Physiker Robert Meißner und Biologe Wade Sugden verfolgen seitdem gemeinsam eine wissenschaftliche Frage: Welchen Einfluss hat die Gefäßgeometrie auf den Blutfluss? Dafür untersuchen sie in Zebrafischembryos, welche Kräfte auf rote Blutkörperchen in Venen und Arterien wirken. Und wie elastisch Blutkörperchen sind, auf die solche Kräfte wirken. Damit diese Untersuchungen allerdings gelingen, müssen sie rote Blutkörperchen im Blutfluss mit der optischen Pinzette festhalten und genau messen, wie groß die Kraft und Elastizität ist. Die Idee dahinter: Zellprozesse hängen von der Viskoelastizität ab – und andersherum. Ist eine Zelle krank, verändert sich ihre Viskoelastizität. Und das lässt sich messen. Biologen bestimmen Kräfte und Viskoelastizität zwar bereits. Doch Aussagen über die konkrete Intensität der beiden Größen in vivo lassen sich bisher kaum machen. Genau das haben sich Robert Meißner und Wade Sugden nach der CiM-Veranstaltung vorgenommen.
Der Exzellenzcluster unterstützt die Forschung im Rahmen eines sogenannten Pilotprojekts. Das sind kleine Forschungsprojekte von Nachwuchswissenschaftlern, also Doktoranden oder Postdoktoranden. Sie erhalten finanzielle Mittel unter einer Bedingung: Die Projektpartner müssen aus unterschiedlichen Fachrichtungen an einer gemeinsamen wissenschaftlichen Frage arbeiten. „Mit den ersten eigenständigen Projekte animieren wir junge Forscherinnen und Forscher aus CiM-Arbeitsgruppen für ihren Weg zu einer unabhängigen wissenschaftlichen Karriere und fördern die interdisziplinäre Zusammenarbeit“, sagt Prof.
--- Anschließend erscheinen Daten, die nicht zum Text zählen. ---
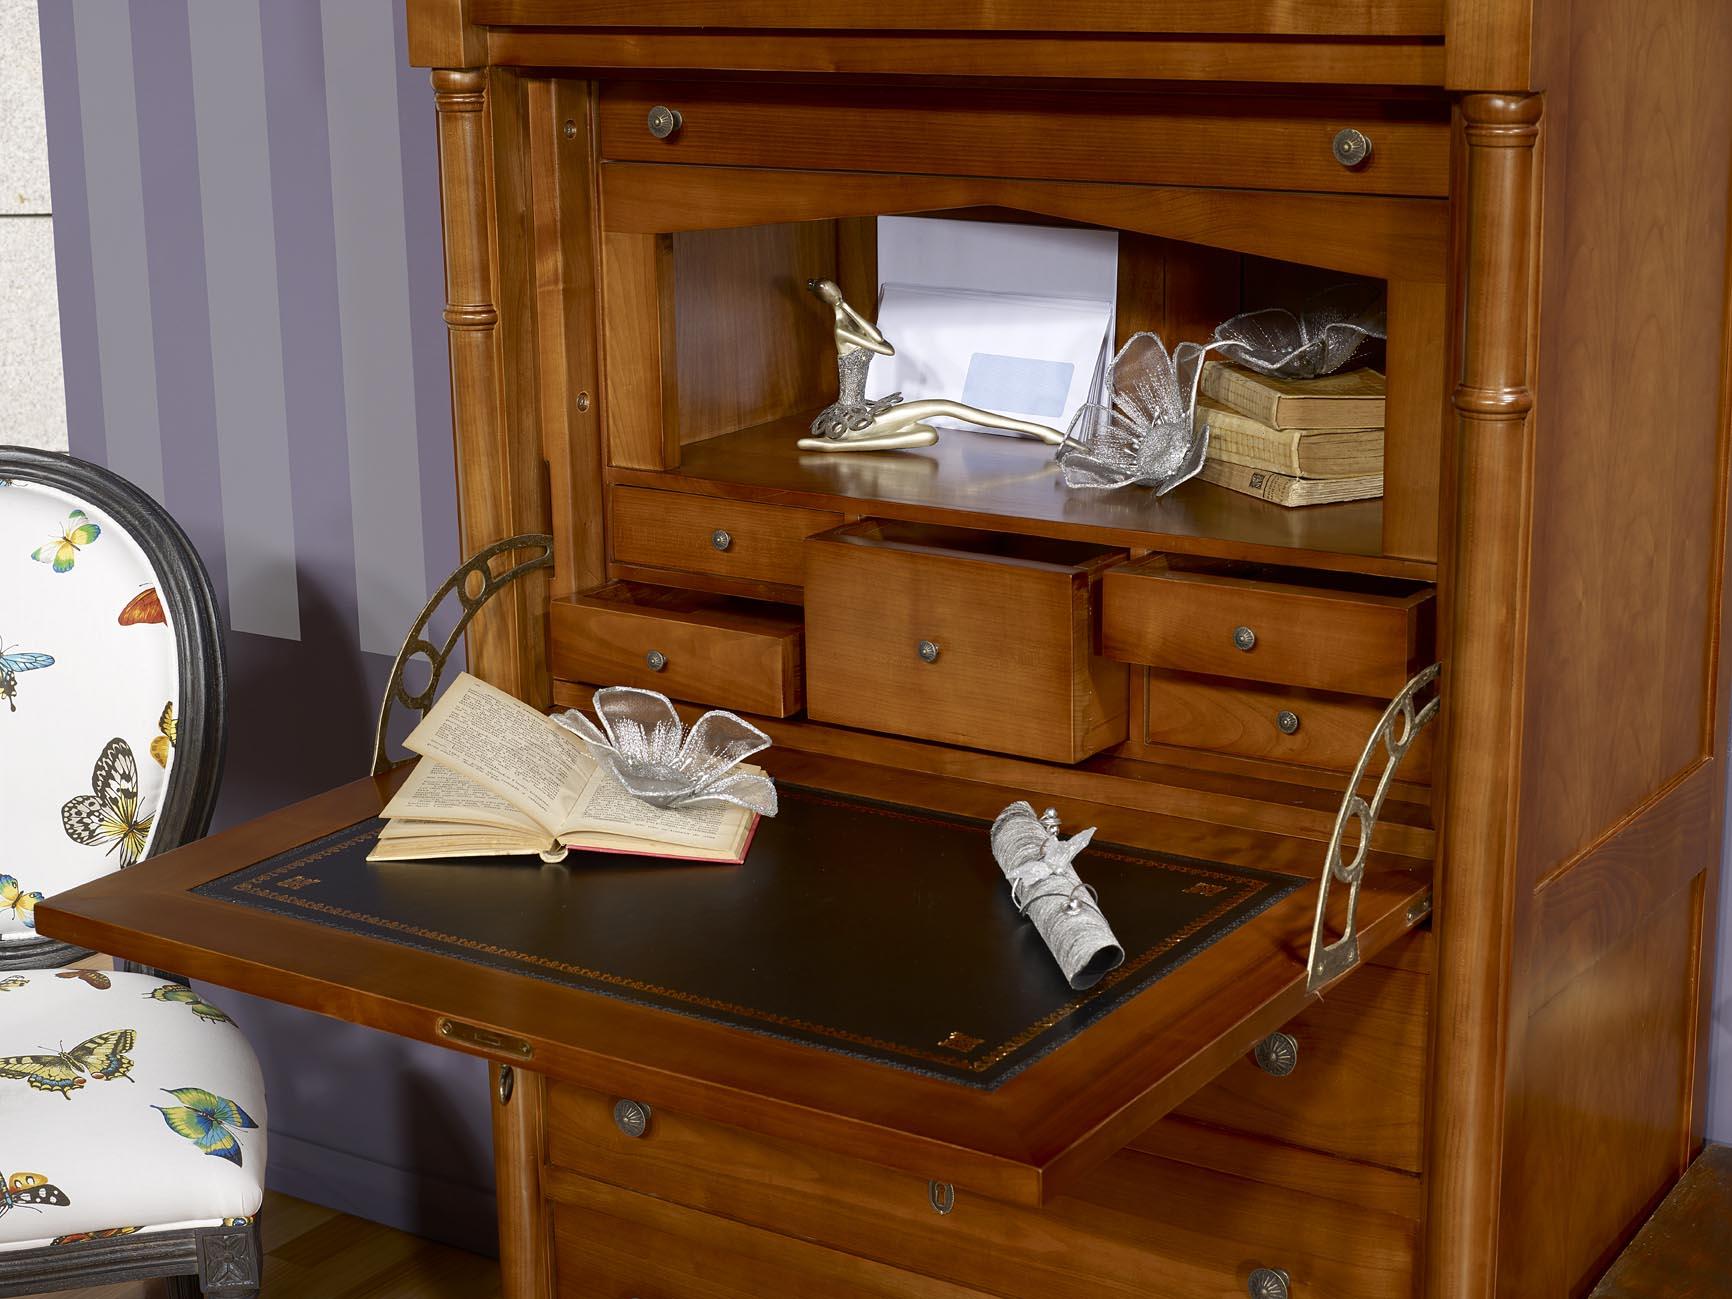 meuble secr taire elise en merisier de style empire meuble en merisier massif. Black Bedroom Furniture Sets. Home Design Ideas

Lydia Sorokin, Sprecherin des Exzellenzclusters CiM.
Robert Meißner und Wade Sugden leben diesen Ansatz: „Es ist unheimlich spannend, mit Wissenschaftlern anderer Fachrichtungen zusammenzuarbeiten“, sagt Robert Meißner. „Wir diskutieren gemeinsam wissenschaftliche Fragestellungen, besprechen genaue Anforderungen an die Technik und suchen gemeinsam Lösungen.“ So wachsen beide Disziplinen weiter zusammen. Wade Sugden erklärte dem Physiker zum Beispiel anatomische Grundlagen und den Stand der Forschung mit Zebrafischen. Der Physiker zeigte dem Biologen die Möglichkeiten der optischen Pinzette. Es war nicht immer einfach: Der Physiker strauchelte immer wieder an sehr langen biologischen Fachbegriffen. Er staunte dagegen nicht schlecht, als der Biologe die Herzschläge eines Fischembryos ganz direkt und einfach mithilfe einer Stoppuhr per Hand zählte. „Physiker würden ihre Ausrüstung nutzen, Kameras, Computer, Codes, ein Video des Herzschlags machen und einen Algorithmus schreiben, der mit etwas längerer Entwicklungsarbeit die Herzschläge automatisch erfasst“, sagt Robert Meißner.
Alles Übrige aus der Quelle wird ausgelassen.